该线程中的其他答案与 boto 相关，但 S3.Object 在 boto3 中不再可迭代。因此，以下代码不起作用，它会产生 TypeError: 's3.Object' object is not iterable 错误消息：

s3 = boto3.session.Session(profile_name=my_profile).resource('s3')
s3_obj = s3.Object(bucket_name=my_bucket, key=my_key)

with io.FileIO('sample.txt', 'w') as file:
    for i in s3_obj:
        file.write(i)

在 boto3 中，对象的内容可在 S3.Object 中获得。 get()['Body'] 这是一个可迭代的版本 1.9.68 但以前不是。因此，以下内容适用于最新版本的 boto3，但不适用于早期版本：

body = s3_obj.get()['Body']
with io.FileIO('sample.txt', 'w') as file:
    for i in body:
        file.write(i)

因此，较旧的 boto3 版本的替代方法是使用 read 方法，但这会将整个 S3 对象加载到内存中，在处理大文件时，这并不总是可能性：

body = s3_obj.get()['Body']
with io.FileIO('sample.txt', 'w') as file:
    for i in body.read():
        file.write(i)

但是 read 方法允许传入 amt 参数，指定我们想要从底层流读取的字节数。可以重复调用此方法，直到读取整个流：

body = s3_obj.get()['Body']
with io.FileIO('sample.txt', 'w') as file:
    while file.write(body.read(amt=512)):
        pass

深入研究 botocore.response.StreamingBody 代码，我们意识到底层流也是可用的，因此我们可以进行如下迭代：

body = s3_obj.get()['Body']
with io.FileIO('sample.txt', 'w') as file:
    for b in body._raw_stream:
        file.write(b)

在谷歌搜索时，我'我还看到了一些可以使用的链接，但我还没有尝试过：

Other answers in this thread are related to boto, but S3.Object is not iterable anymore in boto3. So, the following DOES NOT WORK, it produces an TypeError: 's3.Object' object is not iterable error message:

s3 = boto3.session.Session(profile_name=my_profile).resource('s3')
s3_obj = s3.Object(bucket_name=my_bucket, key=my_key)

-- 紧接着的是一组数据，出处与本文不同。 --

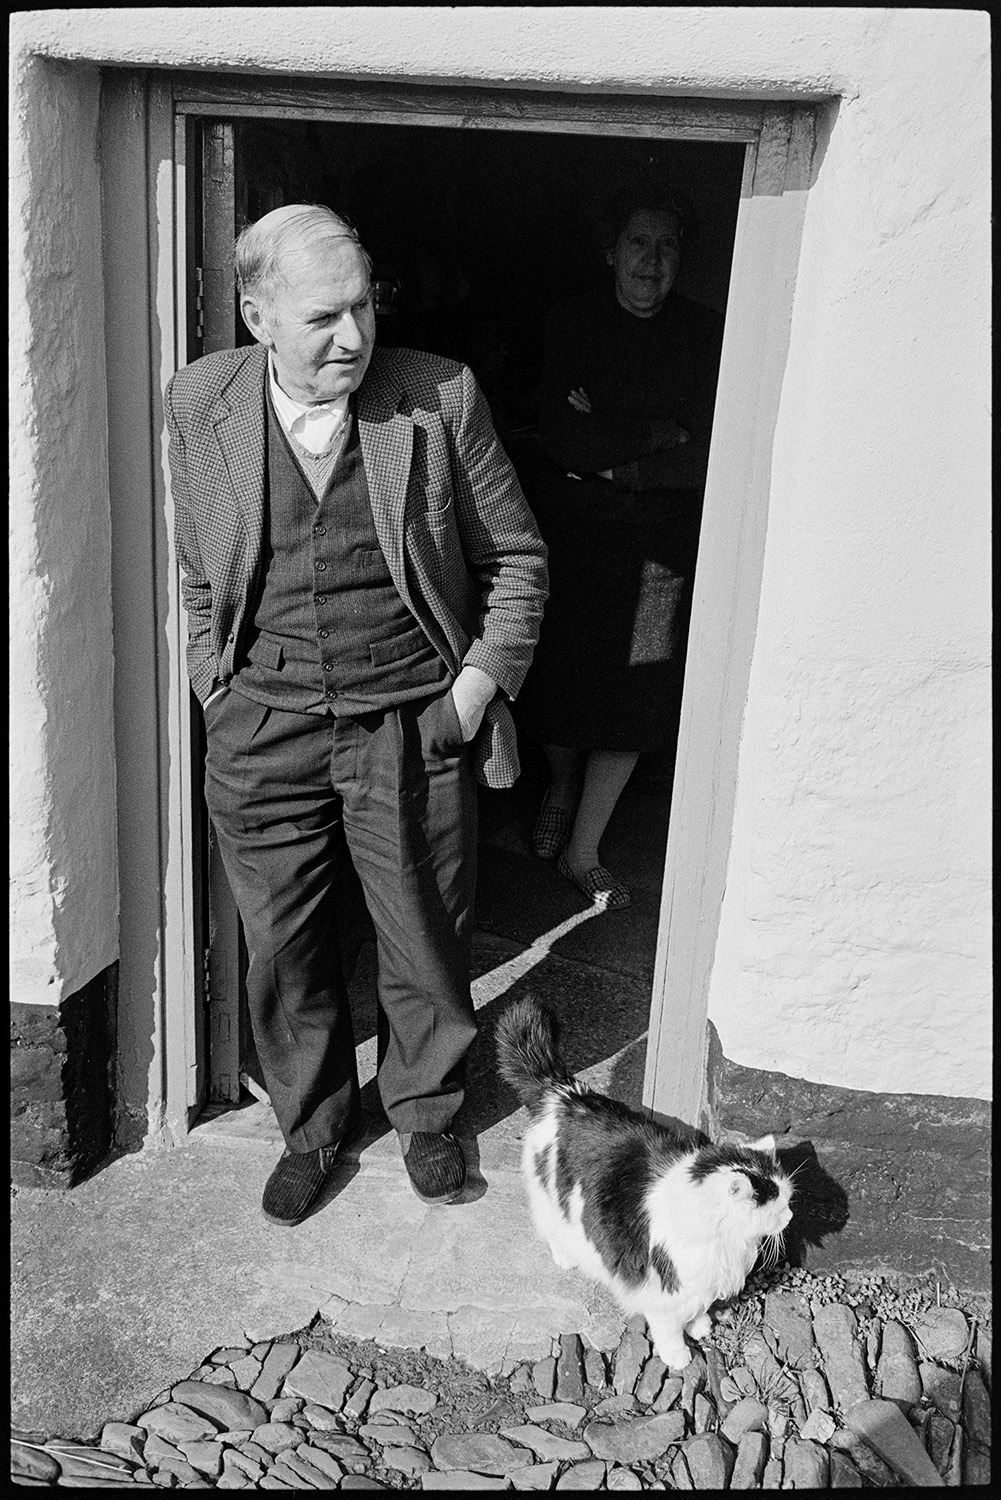 Woman and man at door with cat. 
[Mr Vanstone stood in his doorway with his cat at Monkokehampton. The pathway outside the house is cobbled. Mrs Vanstone can be seen inside the house.]

with io.FileIO('sample.txt', 'w') as file:
    for i in s3_obj:
        file.write(i)

In boto3, the contents of the object is available at S3.Object.get()['Body'] which is an iterable since version 1.9.68 but previously wasn't. Thus the following will work for the latest versions of boto3 but not earlier ones:

body = s3_obj.get()['Body']
with io.FileIO('sample.txt', 'w') as file:
    for i in body:
        file.write(i)

So, an alternative for older boto3 versions is to use the read method, but this loads the WHOLE S3 object in memory which when dealing with large files is not always a possibility:

body = s3_obj.get()['Body']
with io.FileIO('sample.txt', 'w') as file:
    for i in body.read():
        file.write(i)

But the read method allows to pass in the amt parameter specifying the number of bytes we want to read from the underlying stream. This method can be repeatedly called until the whole stream has been read:

body = s3_obj.get()['Body']
with io.FileIO('sample.txt', 'w') as file:
    while file.write(body.read(amt=512)):
        pass

Digging into botocore.response.StreamingBody code one realizes that the underlying stream is also available, so we could iterate as follows:

body = s3_obj.get()['Body']
with io.FileIO('sample.txt', 'w') as file:
    for b in body._raw_stream:
        file.write(b)

While googling I've also seen some links that could be use, but I haven't tried:

WrappedStreamingBody
Another related thread
An issue in boto3 github to request StreamingBody is a proper stream - which has been closed!!!

回复收藏 0 原文

￠好甜 2024-12-14 18:32:23

boto 中的 Key 对象代表 S3 中的对象，可以像迭代器一样使用，因此您应该能够执行如下操作：

>>> import boto
>>> c = boto.connect_s3()
>>> bucket = c.lookup('garnaat_pub')
>>> key = bucket.lookup('Scan1.jpg')
>>> for bytes in key:
...   write bytes to output stream

或者，如您的示例所示，您可以执行以下操作：

>>> shutil.copyfileobj(key, rsObject.stream())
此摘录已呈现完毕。